Jack revealed he had exchanged naked pictures of himself, via social media platform Snapchat, with a girl he had never met named Amber Rose.
Jack, 19, (pictured) plead guilty to manslaughter after he ploughed his Toyota LandCruiser into oncoming traffic. The court heard the teen tried to end his own life after falling victim to a sextortion scam
The scammer, posing as the young girl, earned Jack’s trust and convinced him to send the images, the Courier Mail reported.
Once the photos were sent, the scammer then threatened to make the images public.
Jack, who was about to enter his final year of his trade apprenticeship, was told to transfer $900 in exchange for his pictures remaining private.
He transferred the scammer the scammer the full amount – $200 of which he borrowed from a friend – but the scammer sent an image to one of his friends.
The distraught teenager begged the scammer to stop and threatened to end his own life.
‘Hope you sleep better knowing you killed me,’ Jack wrote to the scammer.
Mary said her son ‘burst into tears’ when she told him he had killed a woman.
‘He kept saying ‘what, what, somebody died’ and ‘oh my God, I took someone’s life, I can’t believe this,’ she told Courier Mail.
The mother-of-four added she had a very open relationship with Jack and believes because he was such a ‘good boy’ he felt so ashamed and did not reach out for help.
A week after the fatal crash, the scammer attempted to extort even more money from Jack but the teen immediately showed his mum the messages.
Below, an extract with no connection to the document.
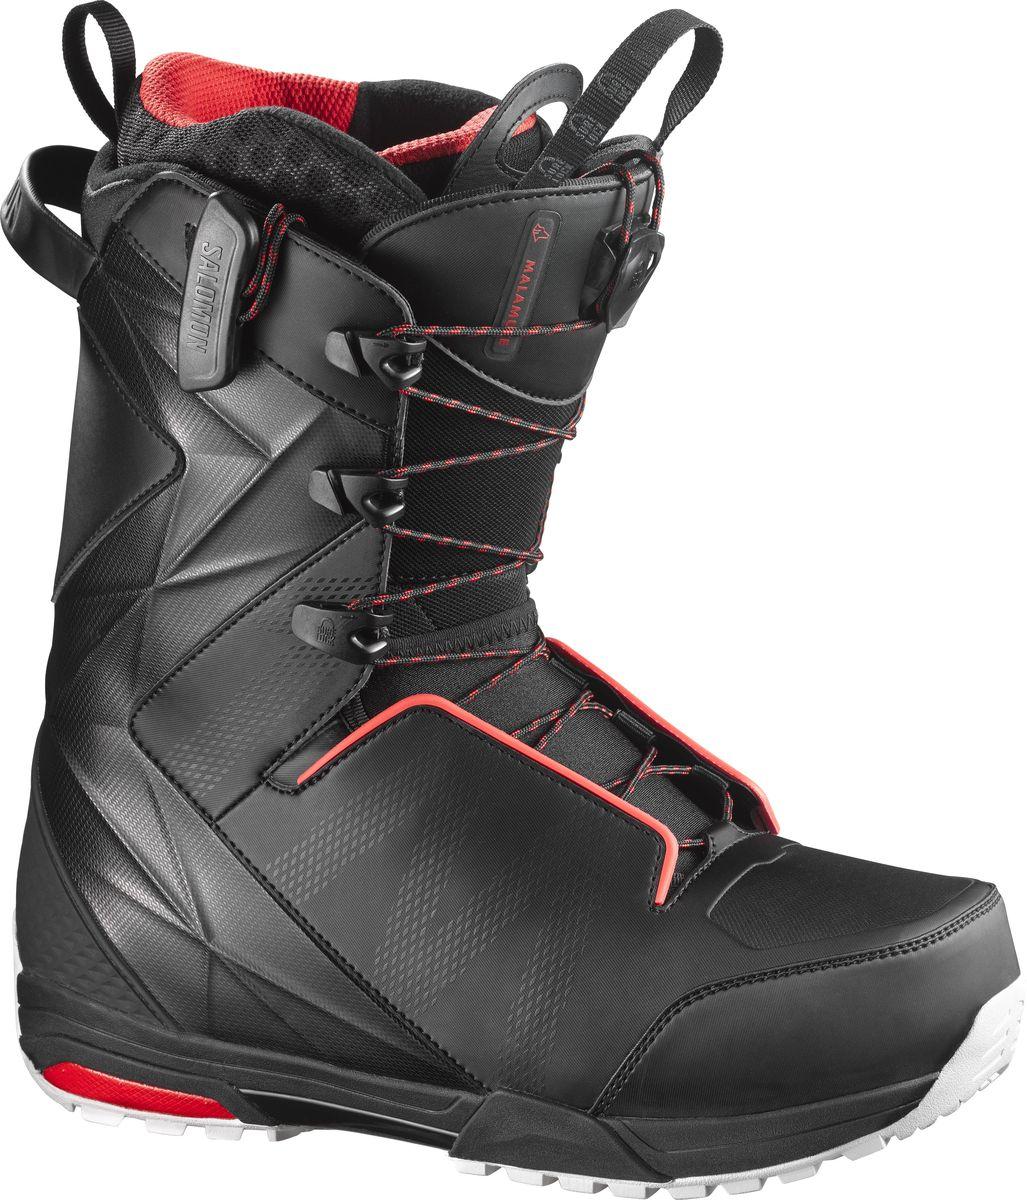 Ботинки для сноуборда Salomon Malamute, цвет: черный. Размер 27,5 (42)L39359500Самые гибкие ботинки для сноубординга Salomon Malamute с непревзойденной поддержкой поставляются в комплекте с новой стелькой двойной плотности Ortholite C3, которую отличают пена с эффектом памяти и пяточная чашка из сополимера EVA, и внутренним ботинком Platinum 4D для максимально комфортного катания. Встроенный ремешок задника Integrated Heel-Strap, вставка Power Frame и Energizer Bars обеспечивают индивидуальную и четкую посадку по ноге. В модели используются подошва Hike, гарантирующая отличное сцепление, и знаменитая шнуровка PowerLock, которая отлично фиксирует ногу.

Grandmother Karen Malcolm, 63, (pictured) was killed on the way home form work when Jack’s car crossed into her lane and ploughed into her car
The family called police and the money was traced back to another victim in Melbourne.
‘Turned out he was being blackmailed to receive the money and then pass it on to the scammers as Apple (gift) cards,’ Mary said.
‘The person extorting Jack was in Nigeria or something. They threatened to do the same thing to the man in Melbourne if he didn’t pass on the money.’
She explained her son wanted to finish his apprenticeship before becoming a police officer, but that dream has been shattered by his jail sentence.
The teenager pleaded guilty at Brisbane Supreme Court on Wednesday and was ordered to serve a minimum 18 months of a three-year jail term.
‘I hope he learns a lot and he has a lot of time to reflect and learn and make himself a better person and comes out and has a productive and successful life,’ Mary said.
Jack was contacted by a scammer, disguising themselves as a young woman named Amber Rose, on Snapchat. The scammer convinced him to send naked pictures of himself and then threatened to make the images public if he did not pay $900
A psychologist report presented in court said Jack was experiencing an acute stress reaction at the time of the crash and the intense distress caused him to dissociate.
Justice Peter Davis told the court he accepted Jack’s explanation that he had been so distressed by a sextortion plot he tried to end his own life by causing an accident in which he ‘hoped to die’.
Last year, Aussies lost more than $13.8 million in threats and extortion scams, according to the ACCC’s Scamwatch.
The majority of victims were aged 24 years and under, with almost $7million lost via social networking and mobile phone applications.
Scamwatch data revealed victims under 24 years of age were also unlikely to report the scam to authorities, with only 610 reports from a total of 7,876.